6.  “First Time I Met the Blues” - Buddy Guy

Most everything I said about Albert King also applies to Buddy Guy, a blues guitar god who is every bit on the level of guys like the Kings.  Buddy is a Chicago legend, as well, and he still owns a very famous blues bar downtown.  Whereas guys like Albert and B.B. blew you away with their bends and their touch, Buddy’s guitar solos were blues fireworks.  Lots of people can play fast, but very few can do so while staying on rhythm and not sacrificing any emotion.  When you hear a guy like Buddy pull it off – which is very rare – it leaves you with your jaw on the floor.

 

7.  “Texas Flood” - Stevie Ray Vaughan

The first time I saw a TV recording of Stevie playing this song, it threw me up against a wall.  I was only 13 and I’d never seen that kind of emotion from any sort of musician.  I was sure he was the best guitarist who had ever lived (I discovered Hendrix a year later).  Of all the countless guitarists who have pursued the Hendrix standard, Stevie came the closest to reaching it.  He didn’t have Jimi’s imagination or overall talent as a musician, but when he played a blues solo there was no one who could mess with him.  John Mayer called Stevie “the ultimate guitar hero” and I’m not one to argue that.

 

8. “La Bamba” - Los Lobos/Ritchie Valens

I began playing the guitar when I was 12. That marked the beginning of my all-encompassing obsession with music. Long before that, though, a spark was lit by a movie that was iconic among Latin families in the 1980s and 90s. La Bamba came out in theaters when I was three years-old. Ignoring that I was probably way too young to see it, I became obsessed with all things La Bamba from the moment I watched it. Some of the most popular photos of toddler Johnny Romero feature me with a plastic toy guitar, pretending to be Ritchie Valens. Even still, I can’t watch or hear Los Lobos’ performance of the title track without choking up. That spark became a fire that still rages on.
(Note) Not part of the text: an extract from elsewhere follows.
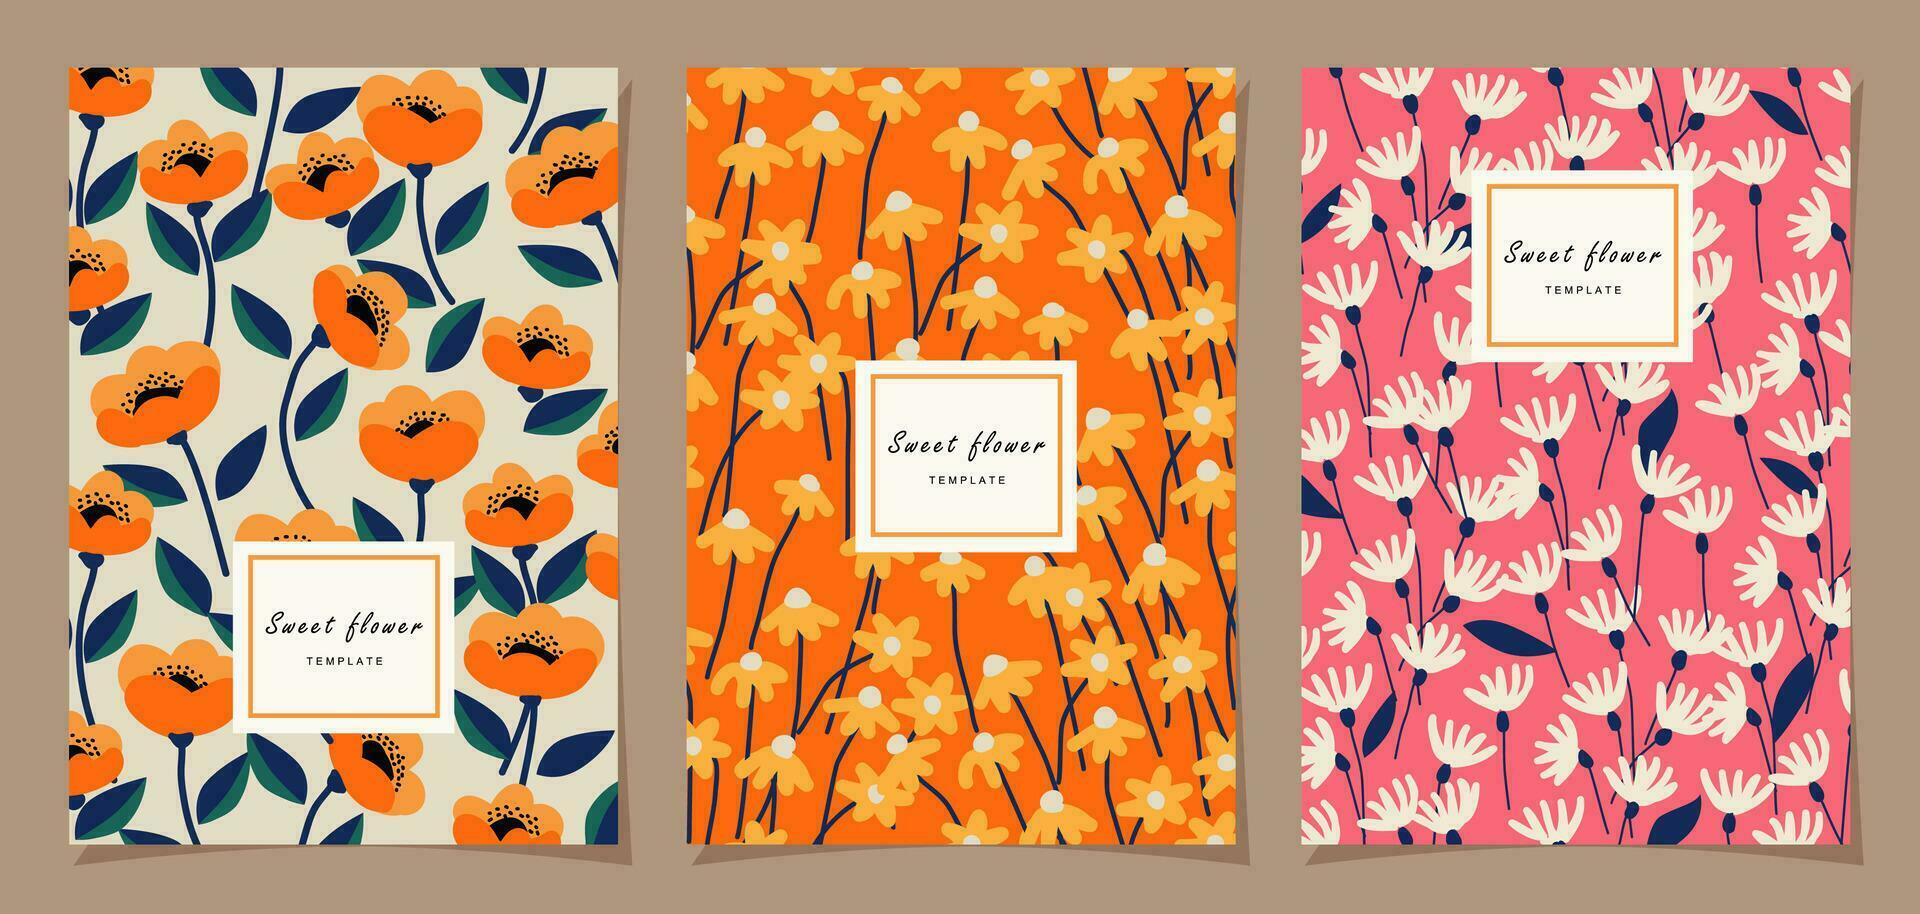 floral modelo conjunto para póster, tarjeta, cubrir, etiqueta, bandera en moderno minimalista estilo y sencillo verano diseño plantillas con flores y plantas. vector

9.  “Statesboro Blues” - The Allman Brothers Band (Duane Allman)

I was late in discovering The Allman Brothers Band but Duane Allman is still one of my favorites.  He was a slide guitarist, and that’s why he intimidates the hell out of me.  Slide guitar is a gorgeous technique that I just haven’t spent a lot of time with. The players who are proficient at it are absolute bad asses to me.  Duane is probably the greatest slide player in the history of rock guitar.  In this song you can hear the unbelievable control and command he has of his instrument.  It makes his guitar come alive and he completely outshines every other player in a band of bad ass musicians.

 

10.  “Subway Train” - New York Dolls (Johnny Thunders)
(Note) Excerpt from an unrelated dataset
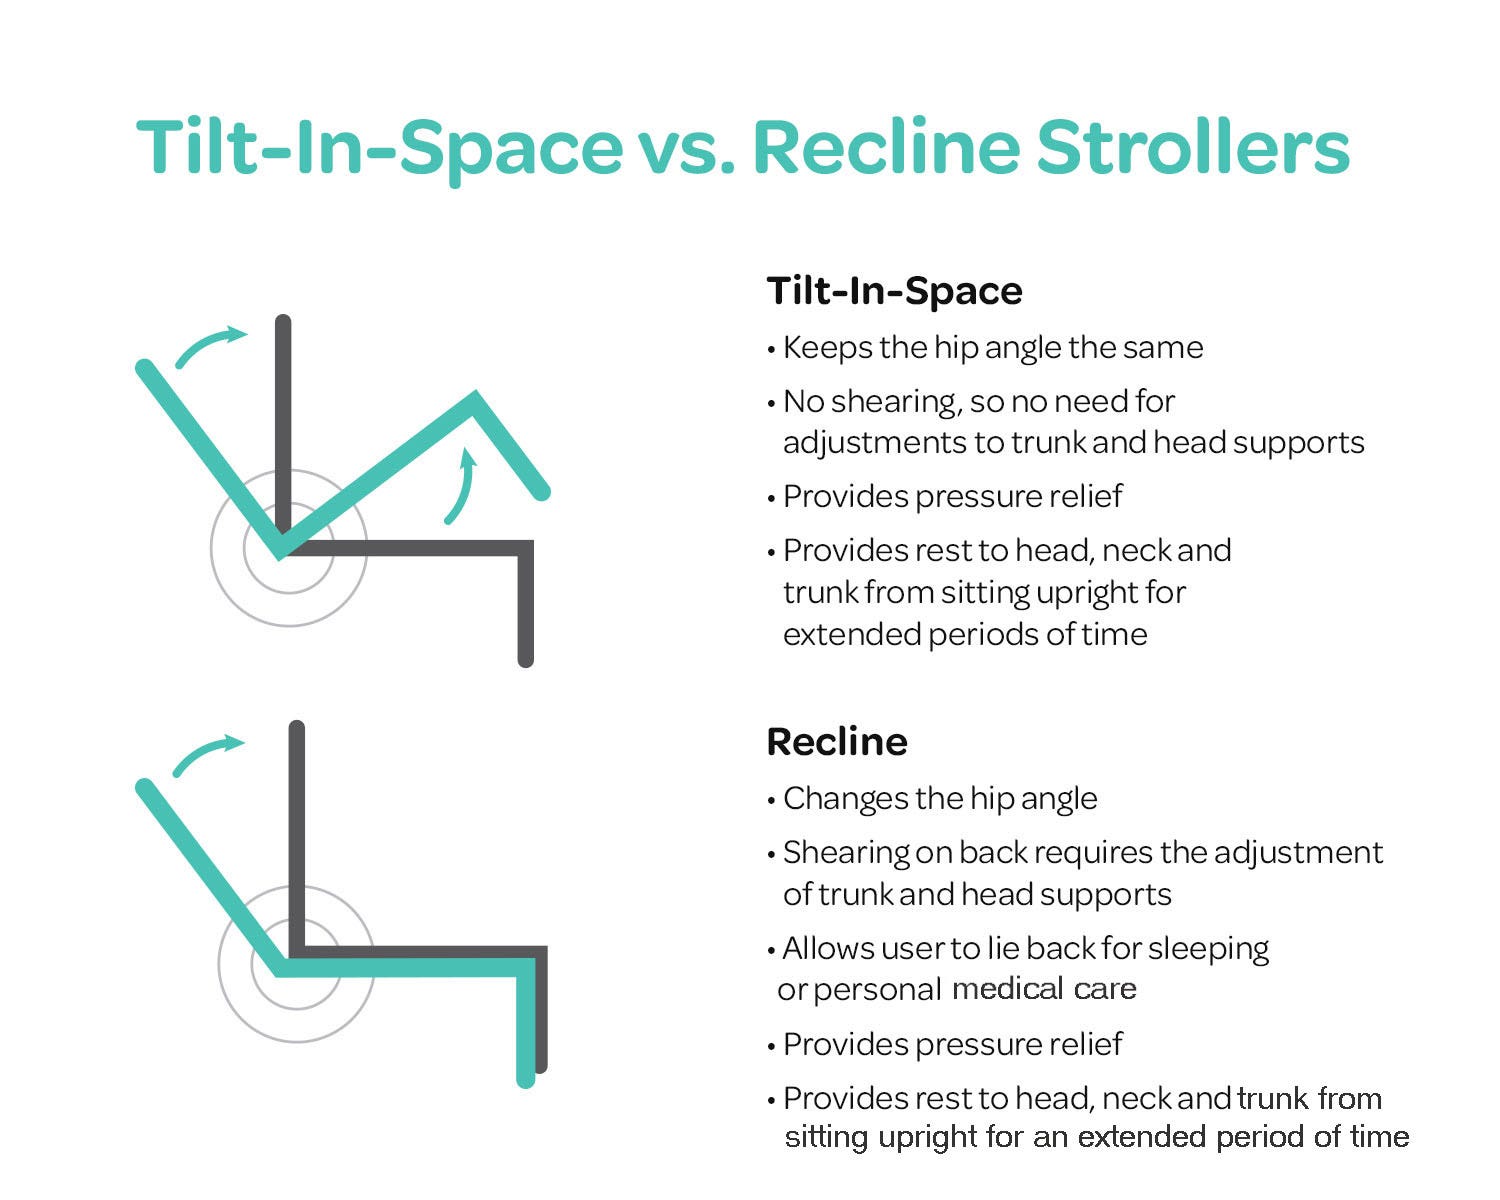 Tilt vs. Recline Stollers

Johnny Thunders is one of my guitar anti-heroes.  Along with Keith Richards, he is the ultimate Rock ’n’ Roll junkie guitarist.  He was a devout heroin addict throughout his brief life, which is why his bands never lasted long and why there aren’t many good recordings of his work.  What he did leave behind, though, was amazing.  The New York Dolls helped create punk by stripping Rock ’n’ Roll down to its essentials, and Johnny was the perfect guitarist for them.  His lines were simple and straightforward, played with a lazy, sloppy rhythm and grimy guitar tone that I find irresistible.  He’s one of the reasons why a part of me hopes I never take a formal guitar lesson.  I want my guitar to have that Johnny Thunders edge and I don’t ever want to lose it.

 

11.  “Down on the Street” - The Stooges (Ron Ashton)
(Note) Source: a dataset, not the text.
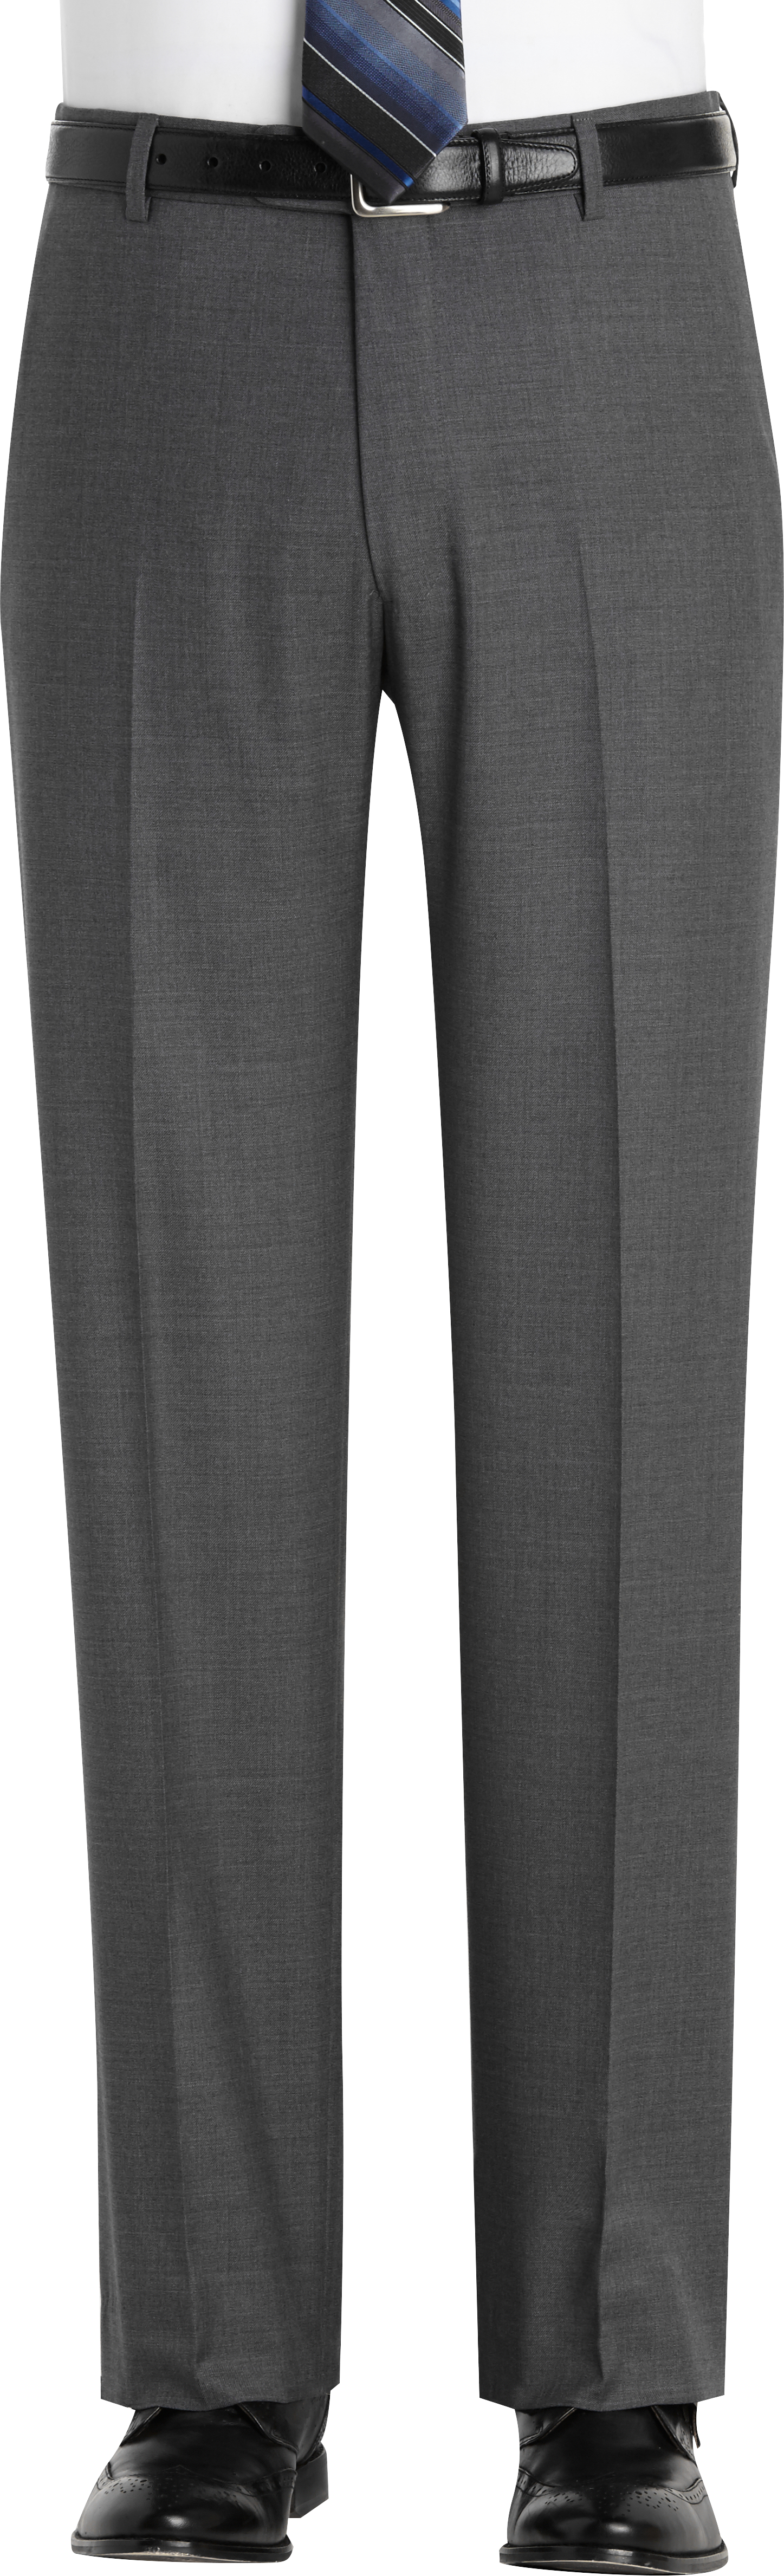 Joseph Abboud Modern Fit Suit Separates Pants, Gray

The Stooges are another one of the bands that helped create punk rock.  In their case, it was sort of an accident.  Iggy Pop was a drummer who couldn’t swing a beat like the blues drummers he loved, so he created a rhythmic style that was based in blues but with a straightforward, stripped down beat.  Ron Ashton forged a sound on the guitar that followed the same principles.  He was a bad ass guitarist who couldn’t quite make the guitar sing or cry like the blues greats, so he just turned up the volume and wailed.  In any heavy song that I play I’m usually trying to incorporate the attitude and the rhythm of The Stooges.

 

12.  “The Fly” - U2 (The Edge)

I hate that in recent years U2 has become sort of cheesy and Bono has become more of a punchline than an icon because U2 are always one of my absolute favorite bands.  Few guitarists have inspired me to play the way The Edge has. He is one of the best rhythm guitarists in history and, as a lead guitarist, he has an otherworldly ear for melody. In the tradition of guys like B.B. King and George Harrison, The Edge is a guitarist who never wasted a single note.  Except The Edge also has Hendrix’s affinity for guitar effects, so the sounds he produces are wholly unique.  In the last 15 years you’ve really started to hear his influence in bands like The Killers, Coldplay, or even Walk the Moon, but there is no one else quite like him.  This song is my favorite because it’s a killer sampling of all the things that make him so great.

 

13.  “Leave Me Alone” - New Order (Bernard Sumner) 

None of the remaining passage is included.